Exercise brief
Only the lines below starting at the one that contains "Dizajn domovskej stránky" and ending at the one that contains "BANPUชูอีบิทดา" are to be reproduced, exactly and with both ends kept.

Exercise data
►

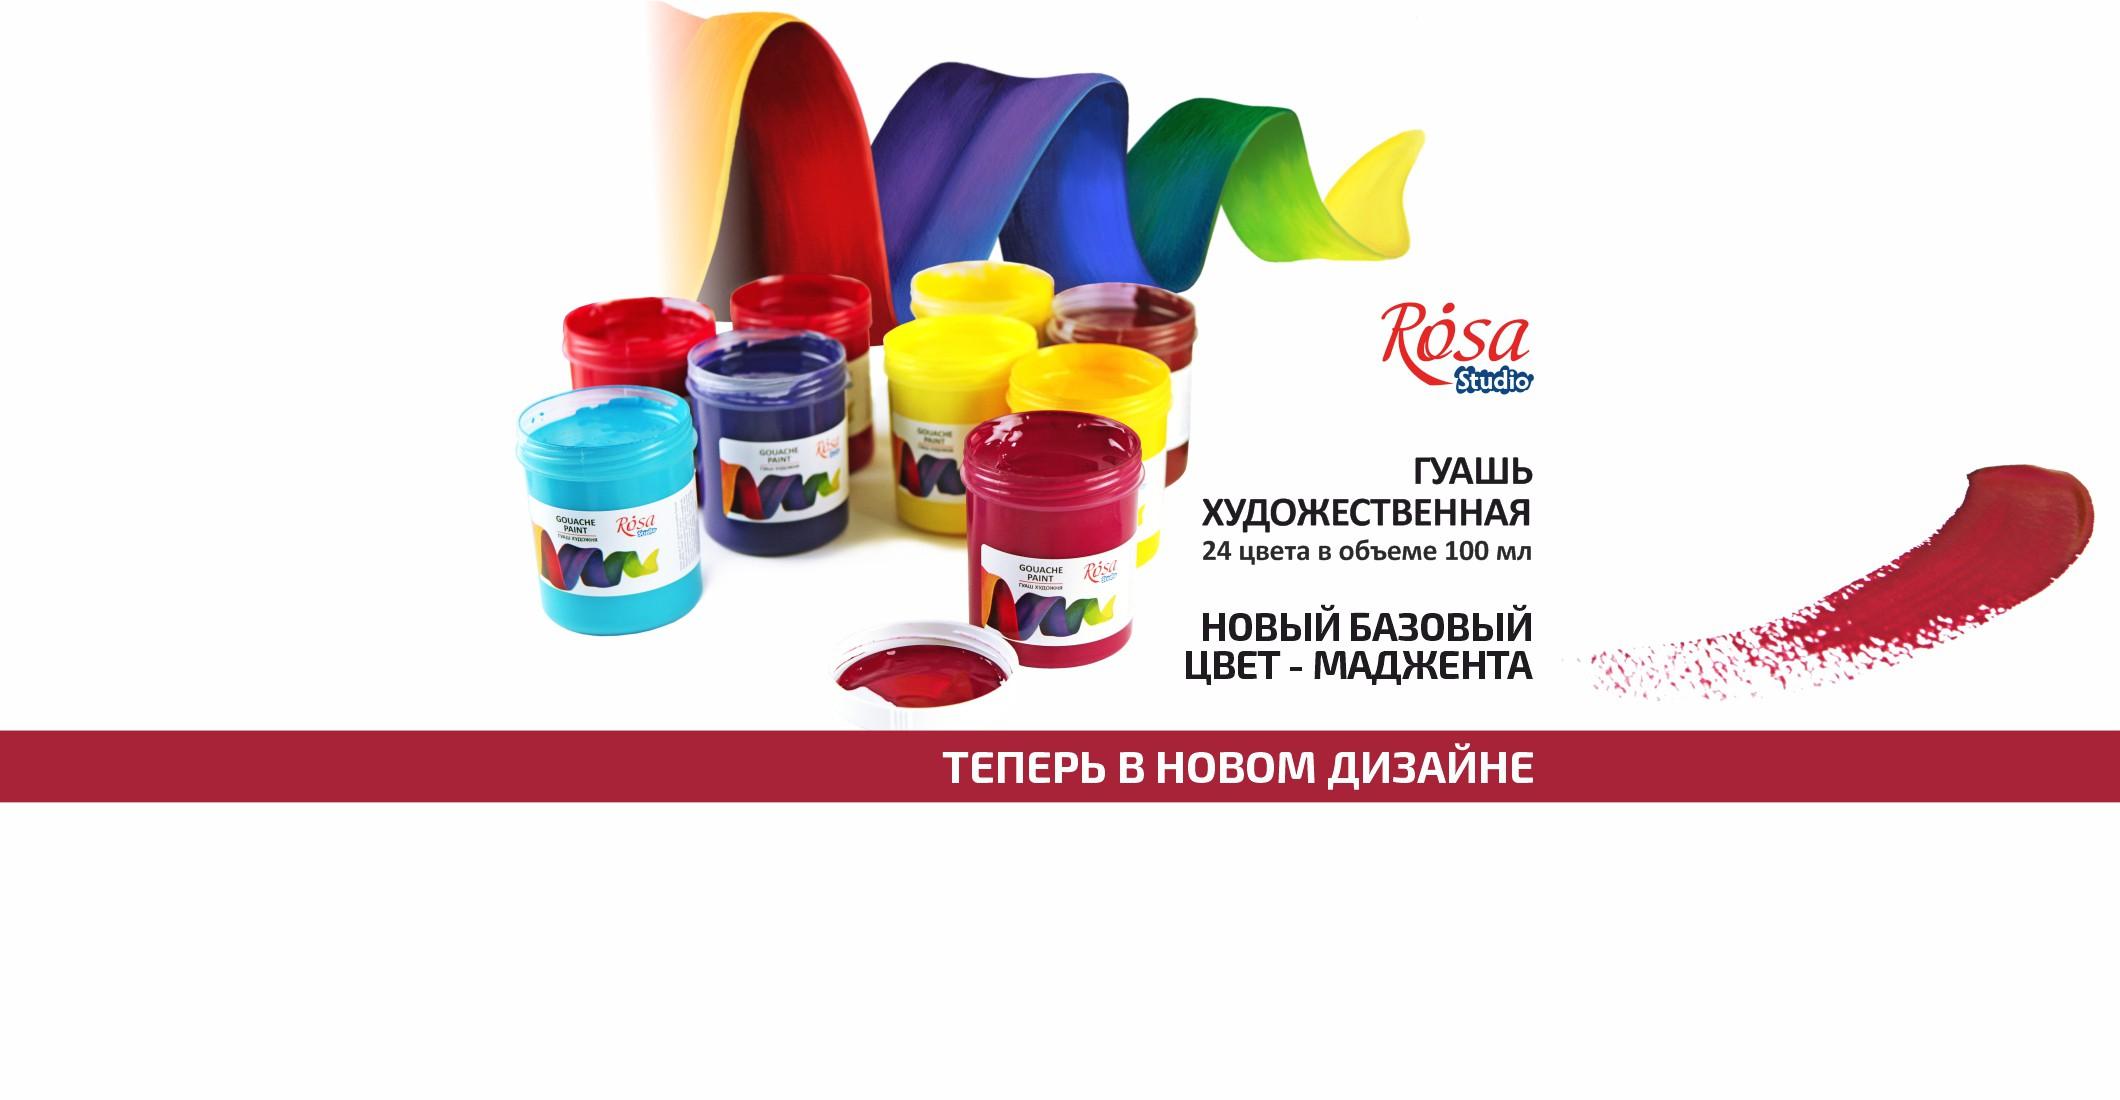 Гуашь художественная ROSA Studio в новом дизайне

◄
►

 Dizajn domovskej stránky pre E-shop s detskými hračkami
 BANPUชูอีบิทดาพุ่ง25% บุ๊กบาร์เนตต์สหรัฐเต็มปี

◄
►

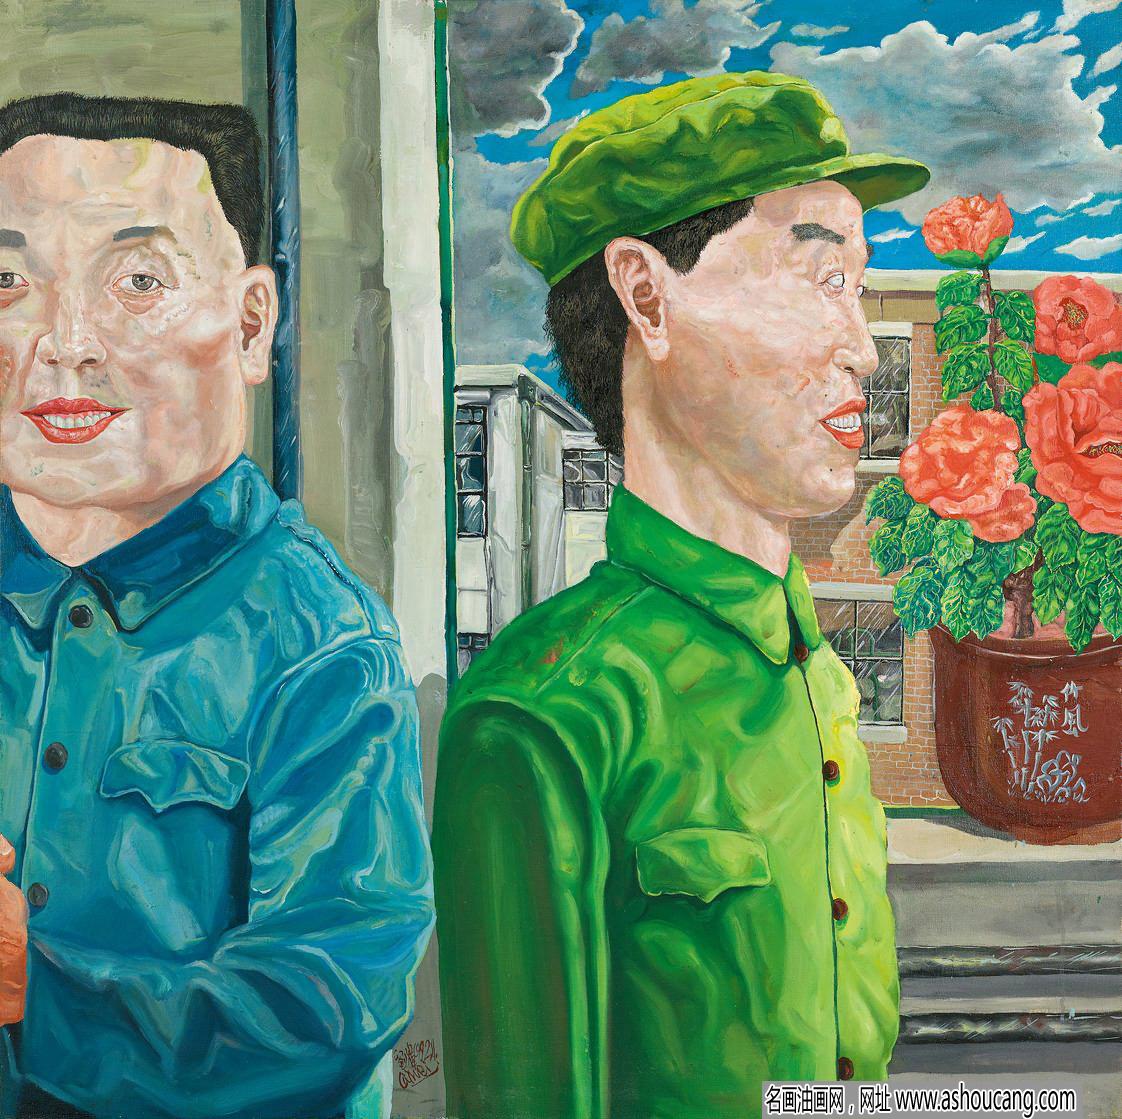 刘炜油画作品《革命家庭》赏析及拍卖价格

◄

Completed task
 Dizajn domovskej stránky pre E-shop s detskými hračkami
 BANPUชูอีบิทดาพุ่ง25% บุ๊กบาร์เนตต์สหรัฐเต็มปี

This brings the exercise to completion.